I noticed throughout the years that many doctors seemed to hold a bias against me because I was heavy. I actually still believe most people hold this bias. I believe these types of biases make it difficult to get the proper care we really need. If something doesn’t seem right, try to push past your timid self, find your voice and stand up for proper testing and treatment! You are your best advocate!
TSH levels are not the only thing to check for. Push for them to check your T3 and T4 levels and thyroid antibodies, and most importantly, A GOOD DOCTOR LISTENS TO THEIR PATIENTS. Sometimes symptoms speak louder than numbers on a test. People with Hashimoto’s disease tend to experience the same symptoms as other patients with hypothyroidism experience, including low energy and fatigue, weight gain, cold intolerance (feeling cold when others are comfortable), constipation and depression. It’s easy to mistake these symptoms for other problems.

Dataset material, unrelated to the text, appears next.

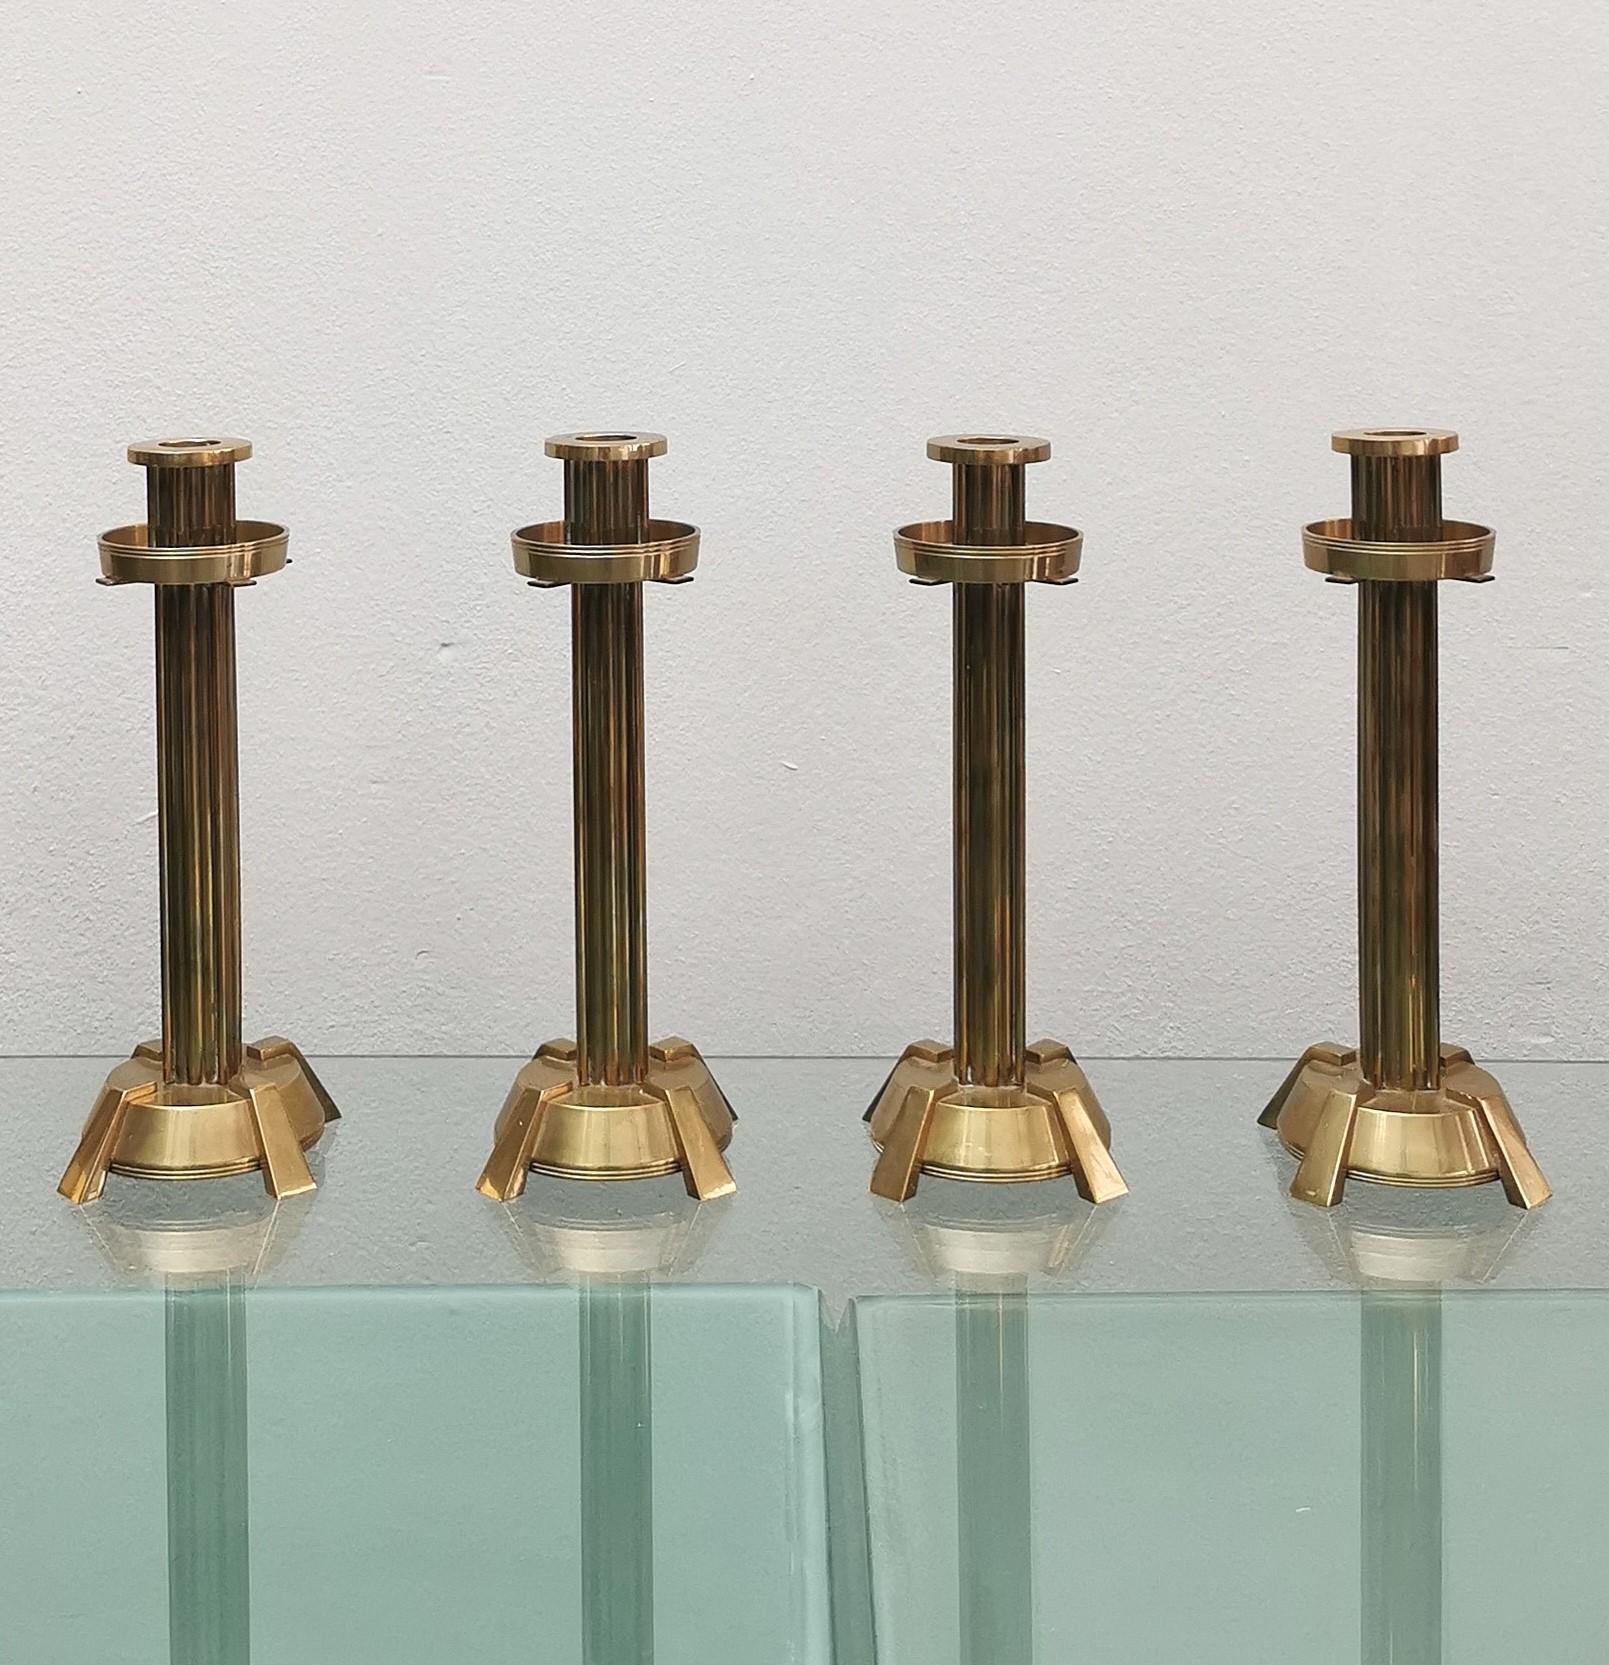 Elegant Set de 4 monocères / candélabres de taille considérable produits en Italie dans les années 70, entièrement en laiton et s'adaptant à tous les environnements.



Note : Nous essayons d'offrir à nos clients un excellent service, même pour les

A few months after my surgery I asked my daughter’s teacher if I could sit next to my daughter and learn to paint as well. It was such a wonderful experience. Although already 39 years old at the time, beginning to paint opened up a whole new world for me. Maybe this little butterfly-shaped organ called the thyroid, which covers one’s voice box, was silencing me. Maybe I needed to release the butterflies that were being held captive. Since I began to paint, I haven’t been able to stop. My paintings became my voice. What I couldn’t articulate with words began pouring out of me with paint. There seems to be an endless supply of ideas in my head. Finding the key and opening the doors to our minds is sometimes as simple, or truly difficult, as getting the right care.